··· Data extract
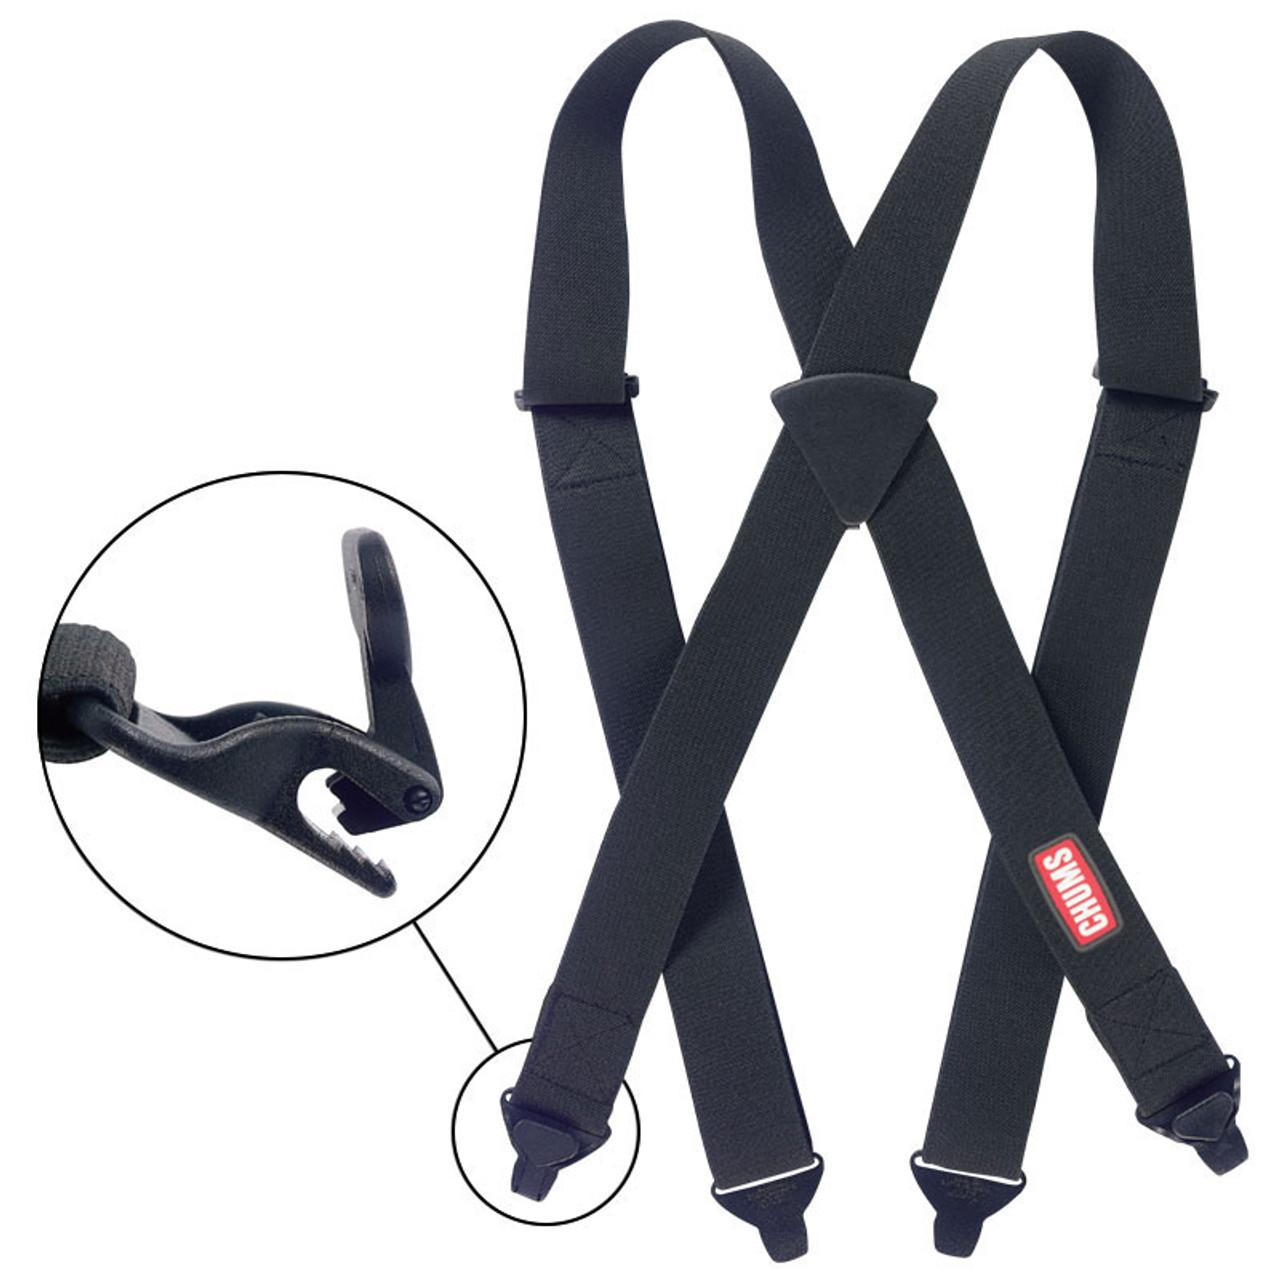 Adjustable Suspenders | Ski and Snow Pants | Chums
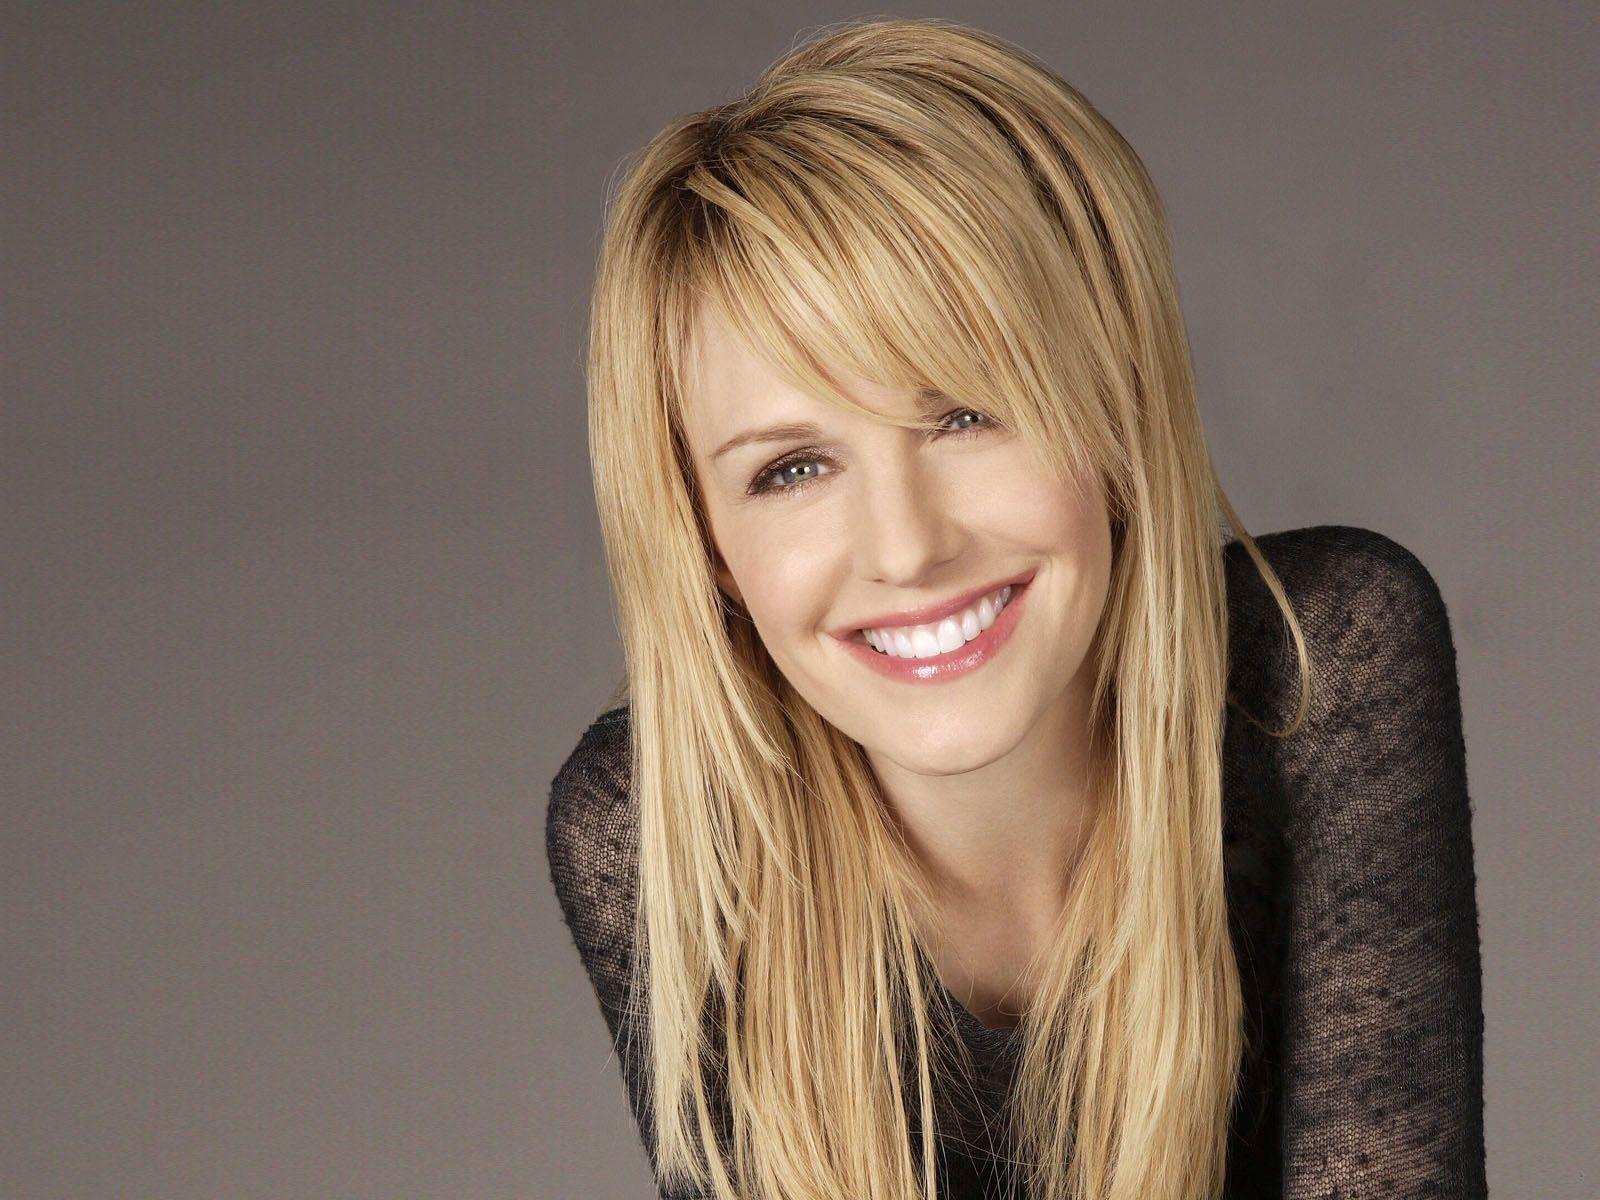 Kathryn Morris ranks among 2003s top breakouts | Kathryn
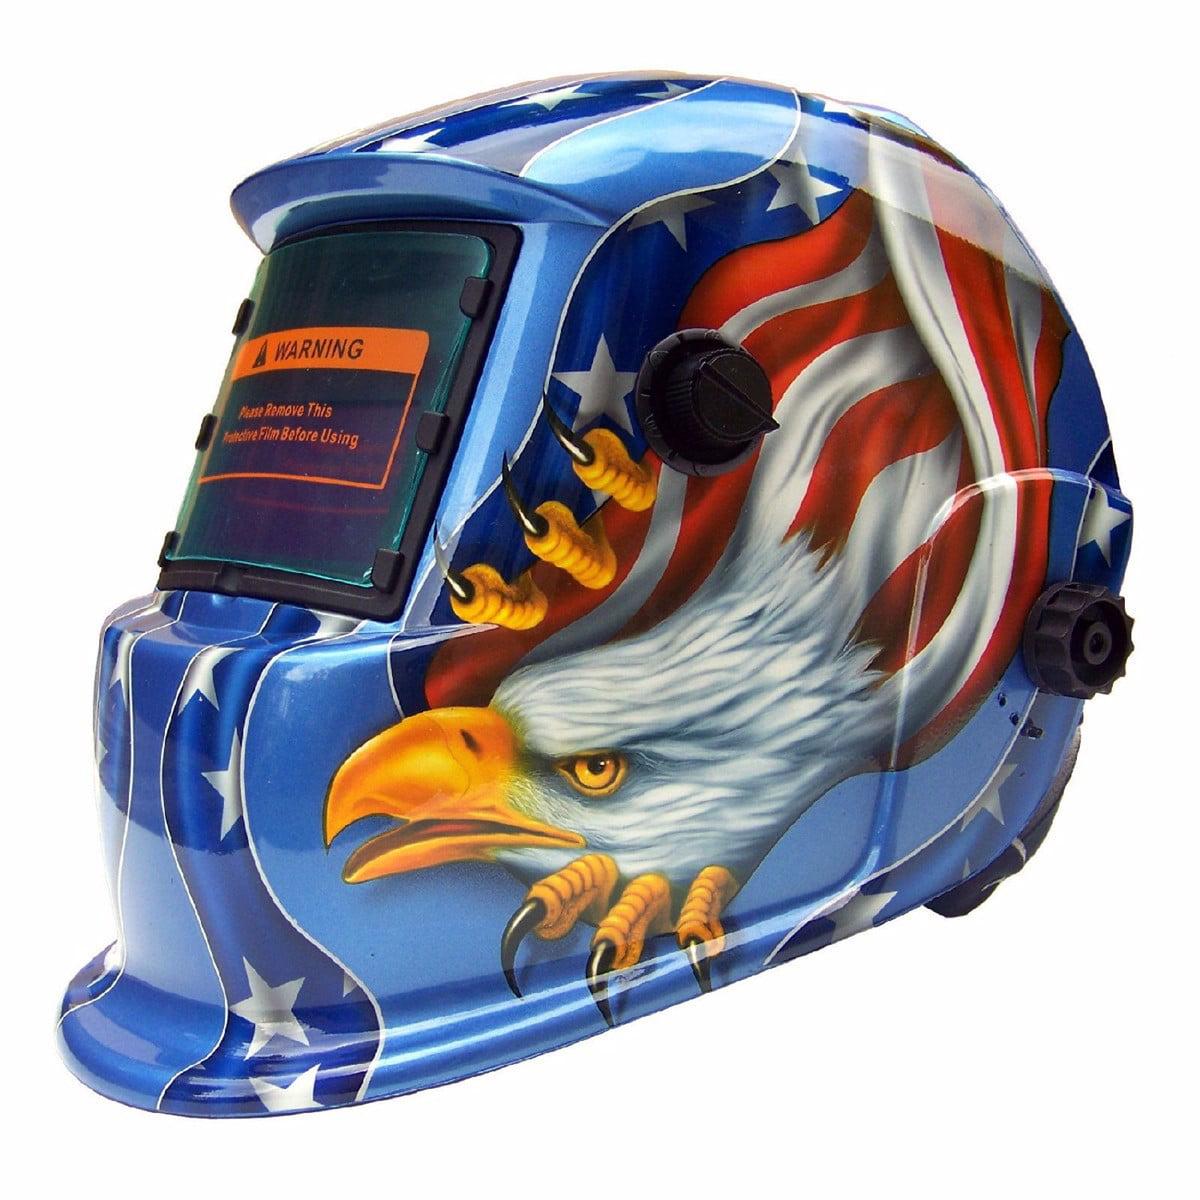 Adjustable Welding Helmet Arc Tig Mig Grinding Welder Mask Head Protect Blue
······
Work instructions:
Return the complete material exactly as it appears, without images.

Task output:
 Adjustable Suspenders | Ski and Snow Pants | Chums
 Kathryn Morris ranks among 2003s top breakouts | Kathryn
 Adjustable Welding Helmet Arc Tig Mig Grinding Welder Mask Head Protect Blue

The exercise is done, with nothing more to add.